その日の放課後。
へんなあだ名ブームが過ぎ去ったクラスにほっとため息をついたら、
「藍田さん、ちょっといい?」
そう言われて、あたしはドキドキしながら振り返った。
「なに?」
灰野くん。
「あの……あれから部屋の机とか片付けてて」
「あ、う、うん」
「アレは捨てたから」
「はい……っ」
も、もう、そんな話するの恥ずかしいよ。
変なとこで律儀だよ、灰野くんは。
「でね、机ん中から出てきたんだけど」
すっと差し出されたのは、ピンク色の小さな袋。
それに茶色のリボンが結ばれていて、正面に貼られたハートのシールには ” WHITEDAY ”って書いてある。
「え?」
「中1の時、ホワイトデーのお返し渡せなかったじゃん。でも俺これめちゃくちゃ恥を忍んで買ってたから……よかったら。
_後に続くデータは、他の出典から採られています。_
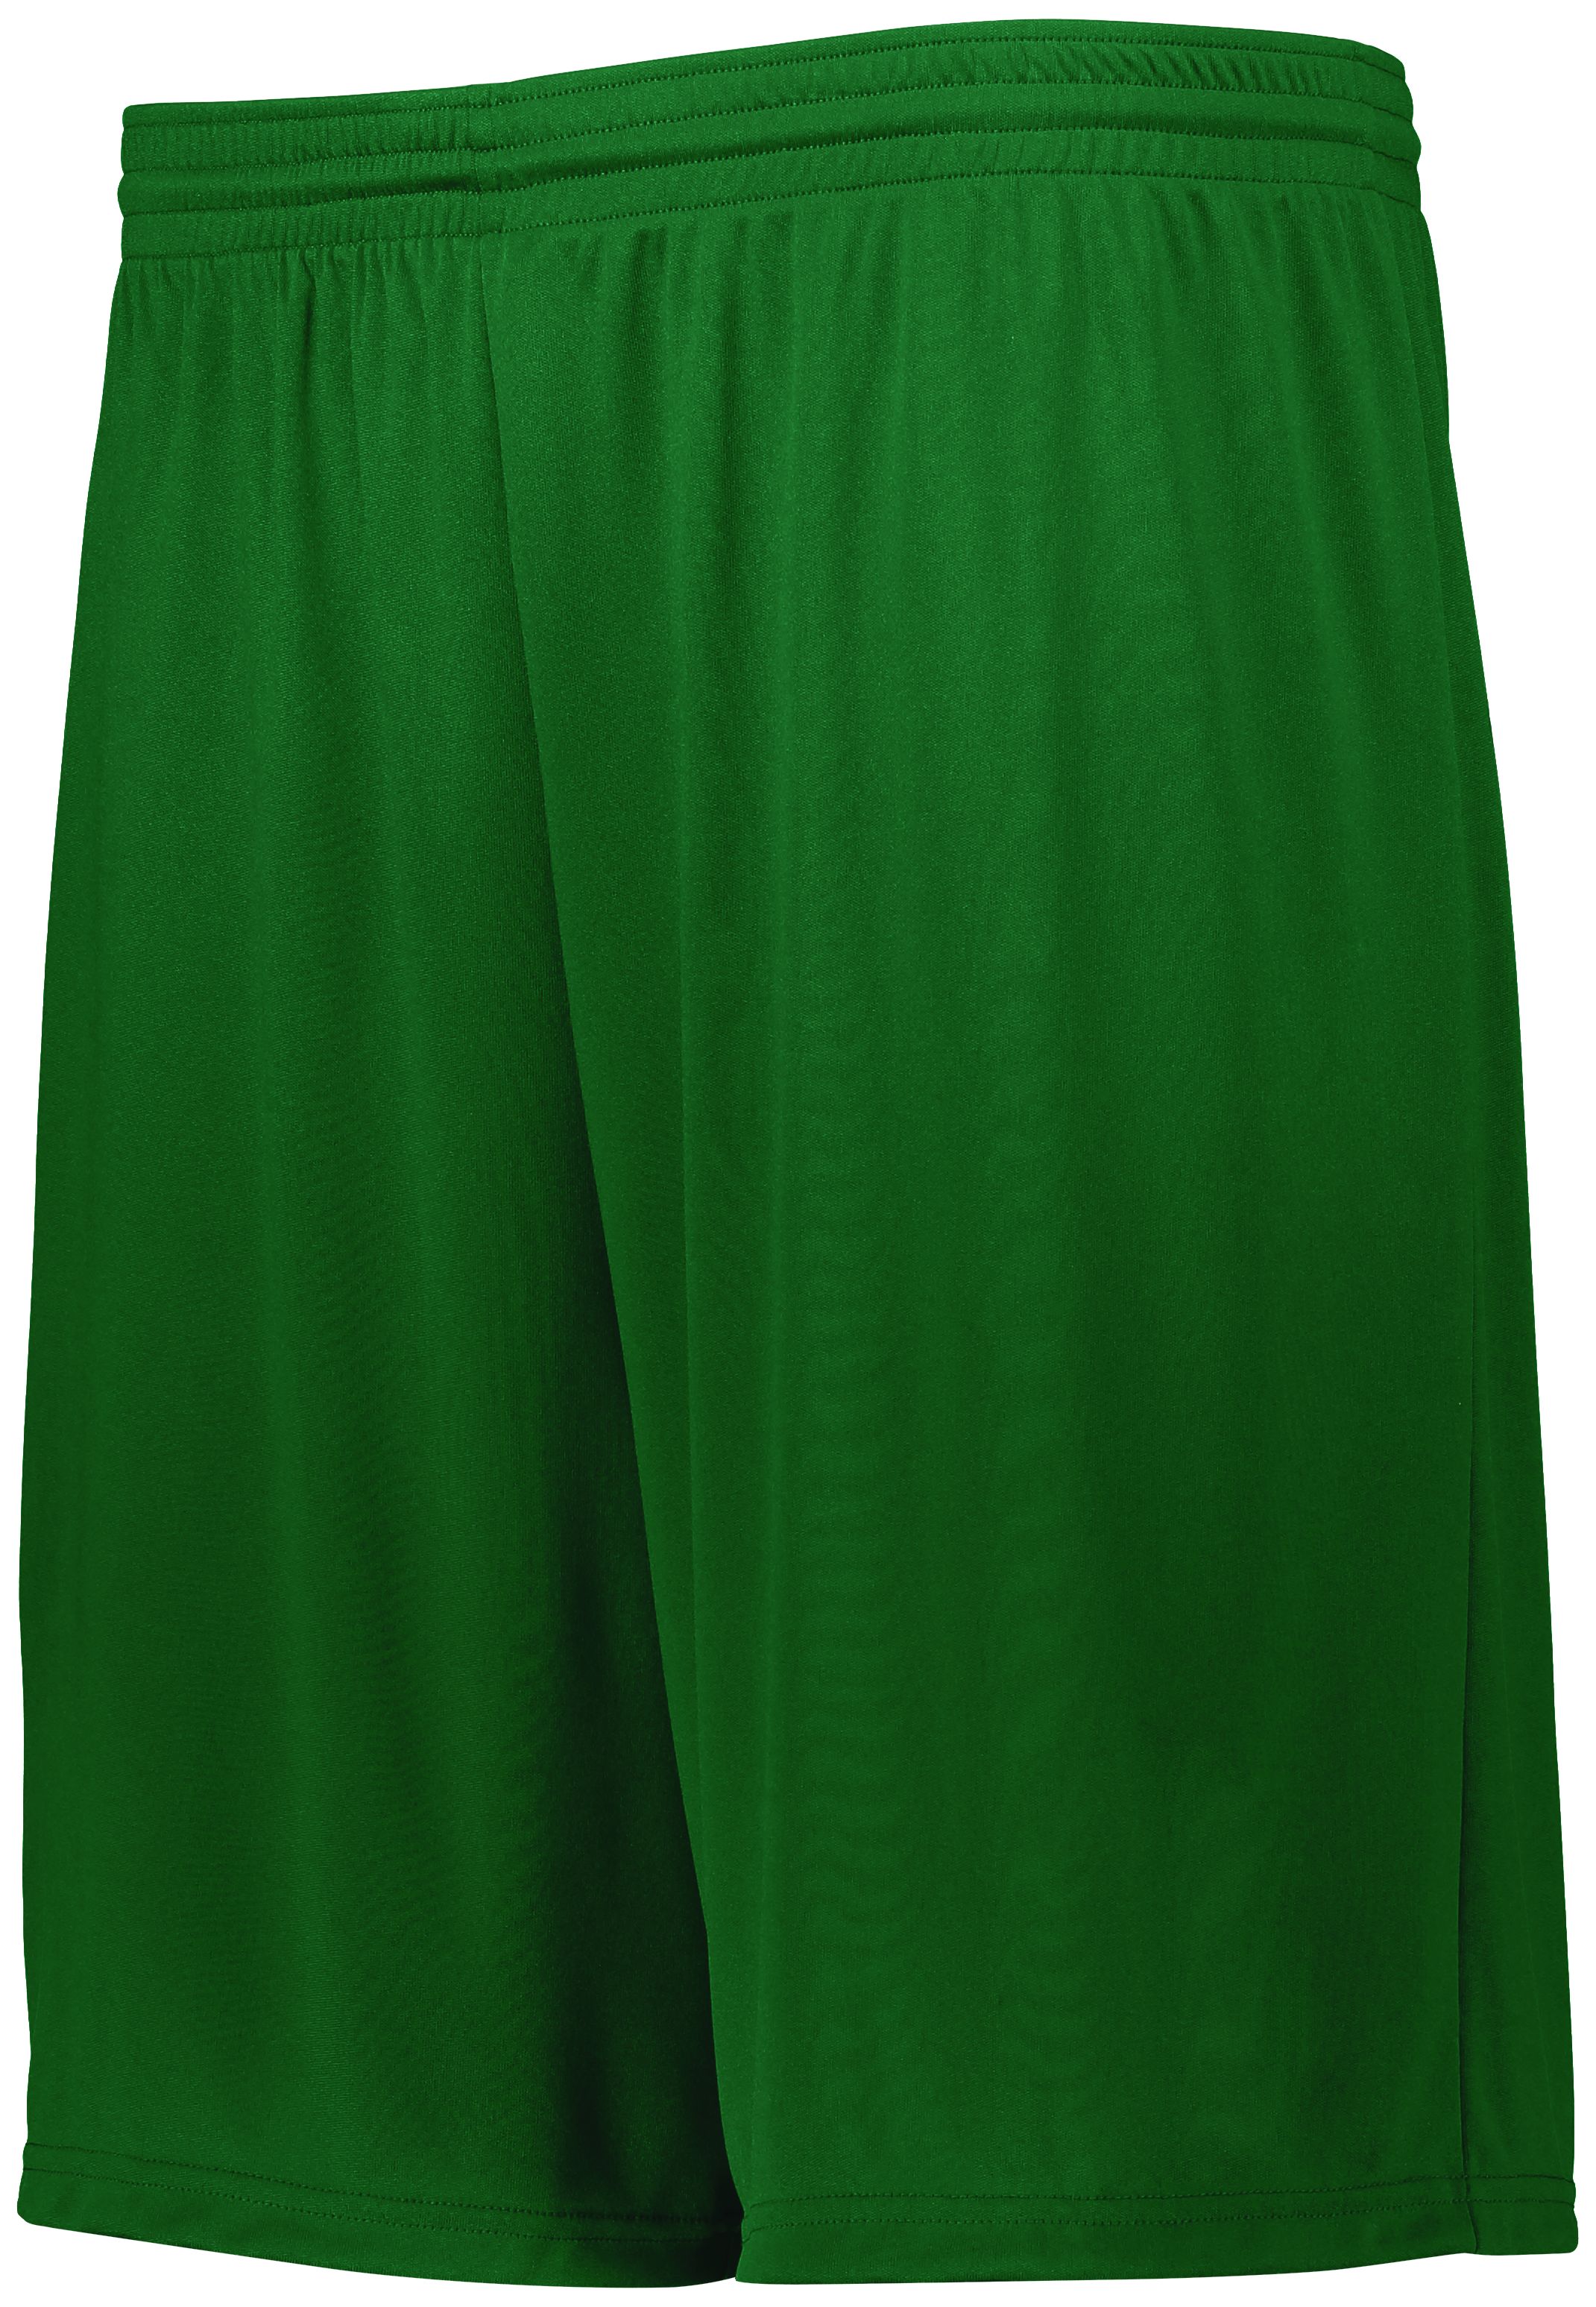 Augusta Sportswear 2780 - Attain Wicking Shorts
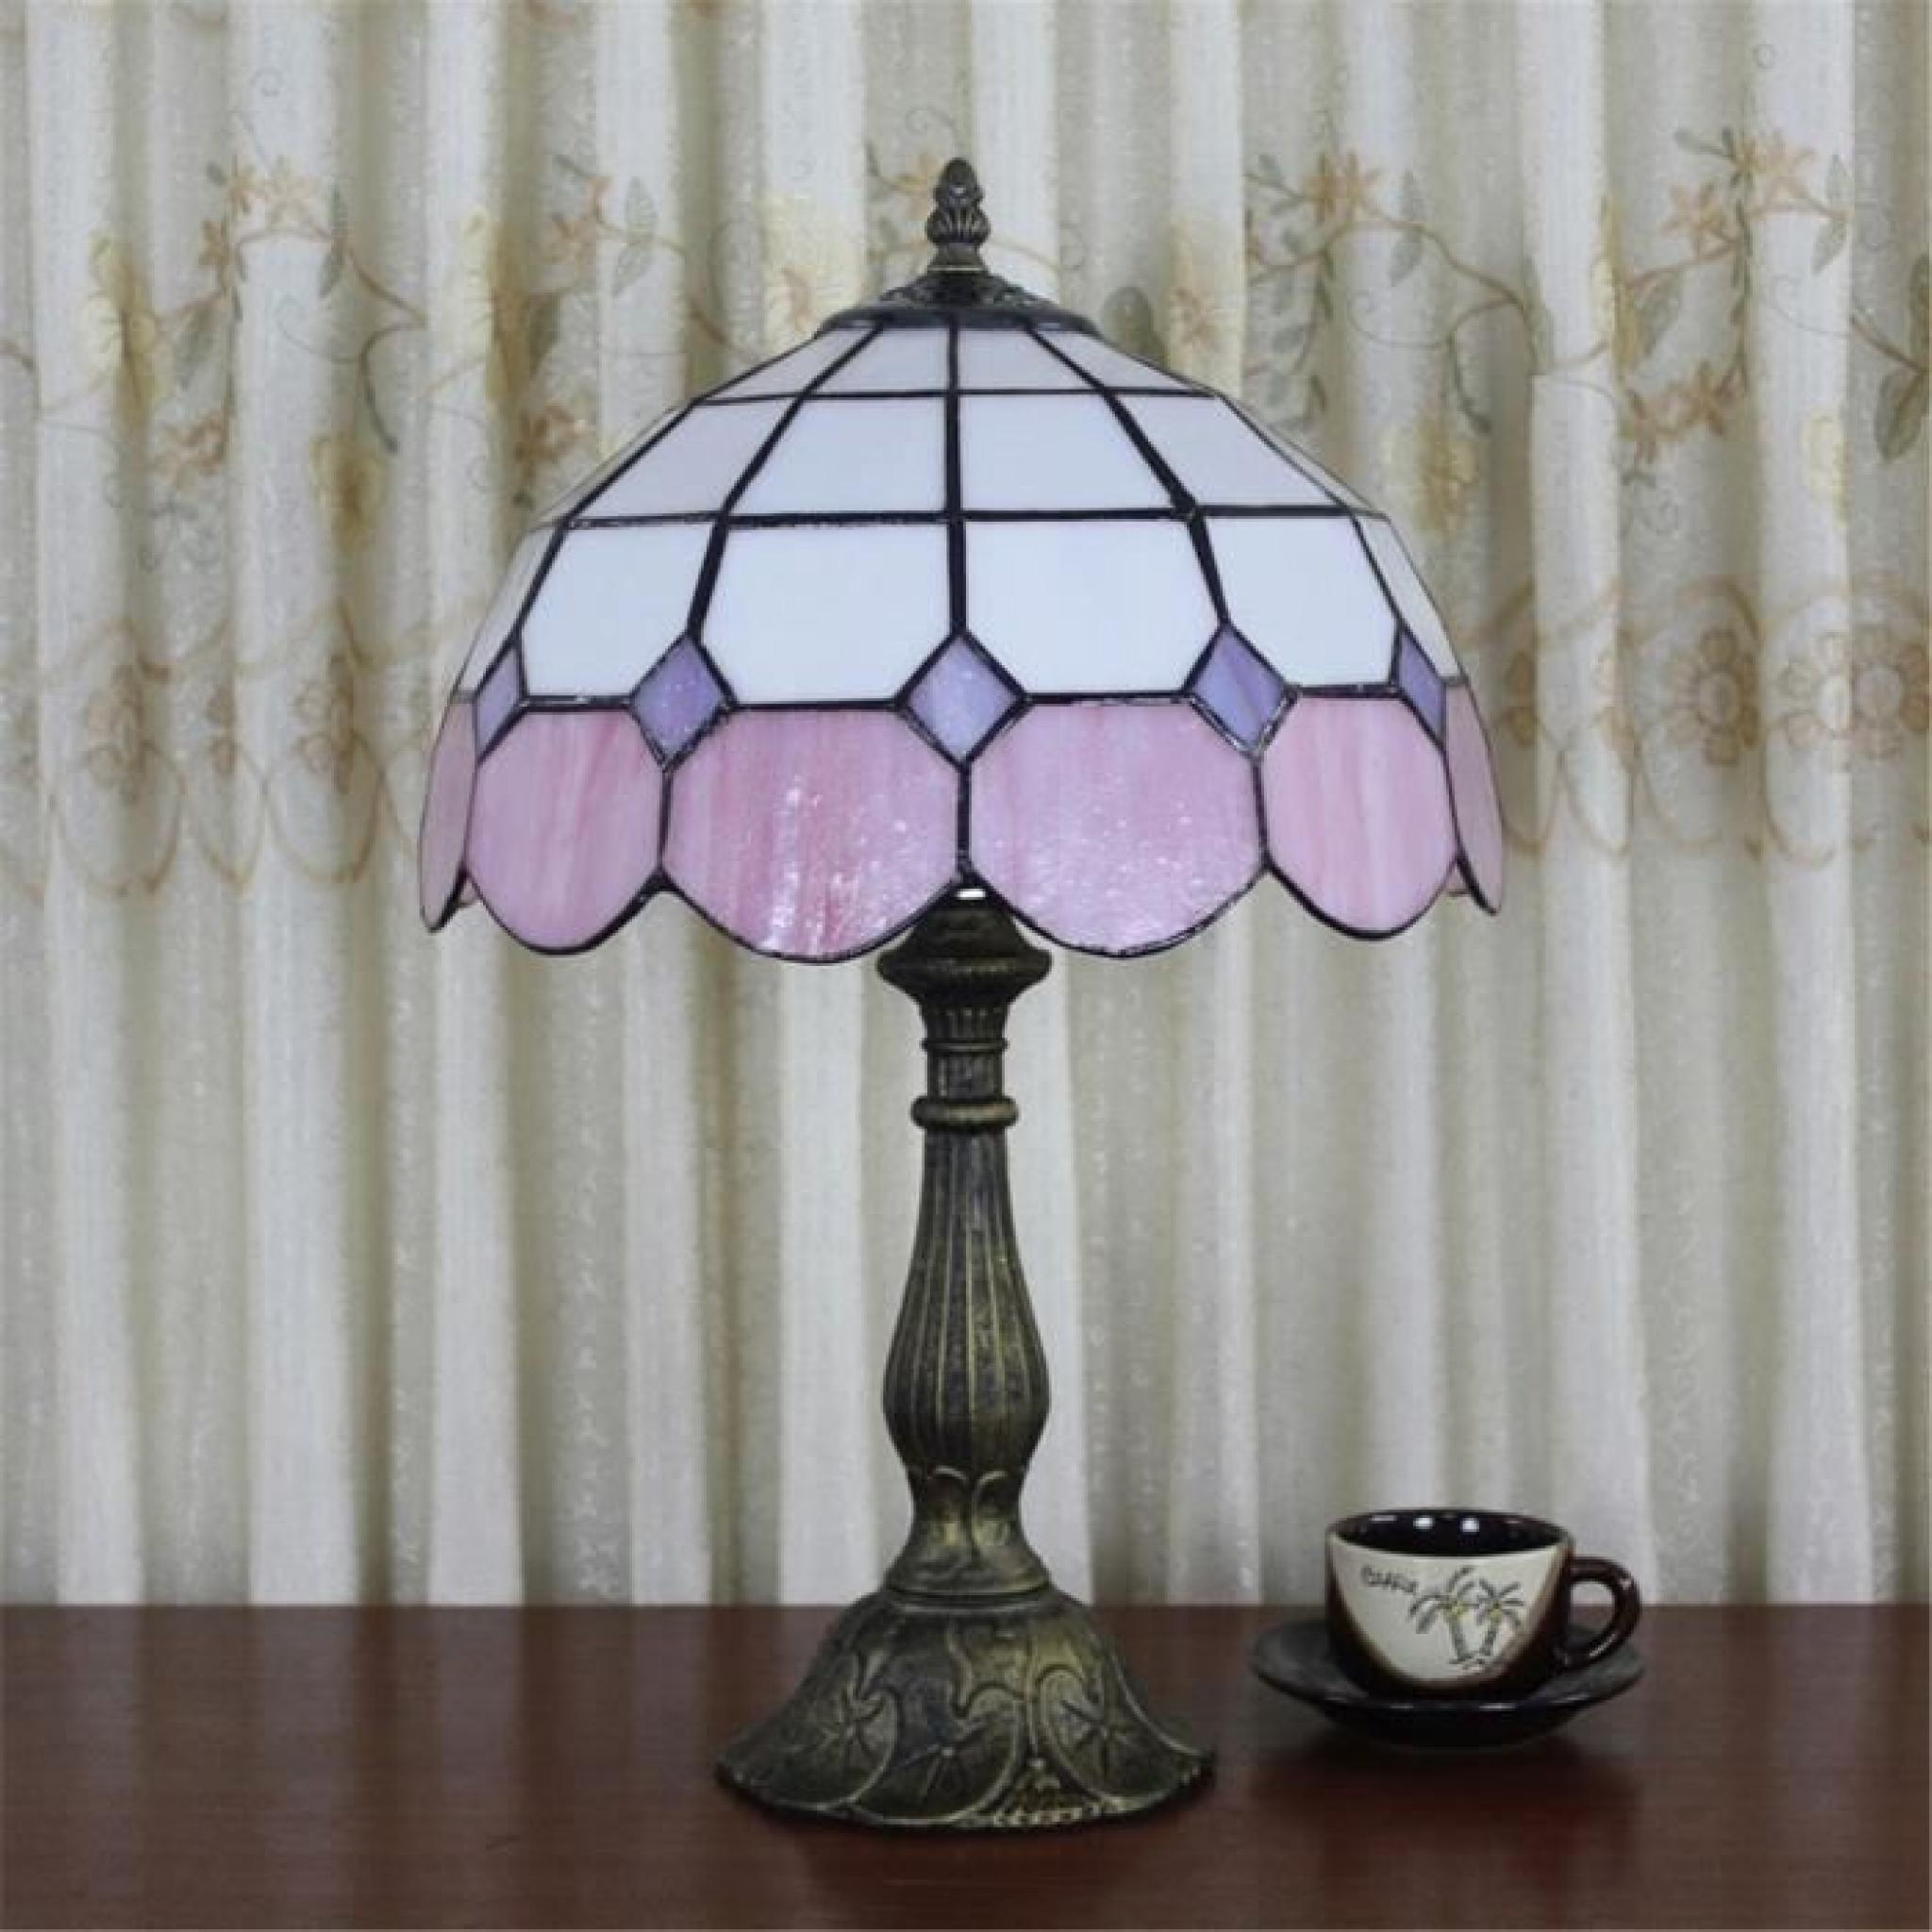 FerandHome Lampe A Poser Lampe de Chevet Luminaire Classique Magnifique Antique Chambre Bureau Eclairage Lilas pas cher

すげーイマサラなんだけど」
「くれる、の?」
「うん……」
「ありがとう……っ!」
手のひらに乗ったピンクの袋を見つめるだけで幸せ……。
「あの時は本当にごめん」
ううん、違う。首をぶんぶんと横に振った。
……謝るのはあたし。
ホワイトデーにキスしたいなんて友達と騒いで、灰野くんは叶えようとしてくれたのに。
あんなキス寸前のタイミングで笑っちゃったあたしが全部悪い。
「……開けてもいい?」
「うん……、でも中一の時のセンスだから。気に入らなかったら捨てて」
もう、なんで灰野くんってそんな自信ないんだろう。
灰野くんがくれるなら何でも嬉しいのに。
袋をあけると、奥に入っていたのは。
「えー……かわいいっ!」
パステルブルーのリボンにパールがついてるヘアゴム。
爽やかで可愛い。
こういうの持ってなかったから嬉しい。
「いっぱいつけるね……っ。嬉しい……」
「あ、そ……よかった」
照れ臭そうに視線をずらす灰野くん。あたしは下ろしていた髪をこのヘアゴムで一つにくくった。
「へへへ……」
嬉しくってもうずっと笑ってるだらしないあたしに。
「あ……似合う」
灰野くんは容赦なくあたしのにやけを増やした。
そんな時。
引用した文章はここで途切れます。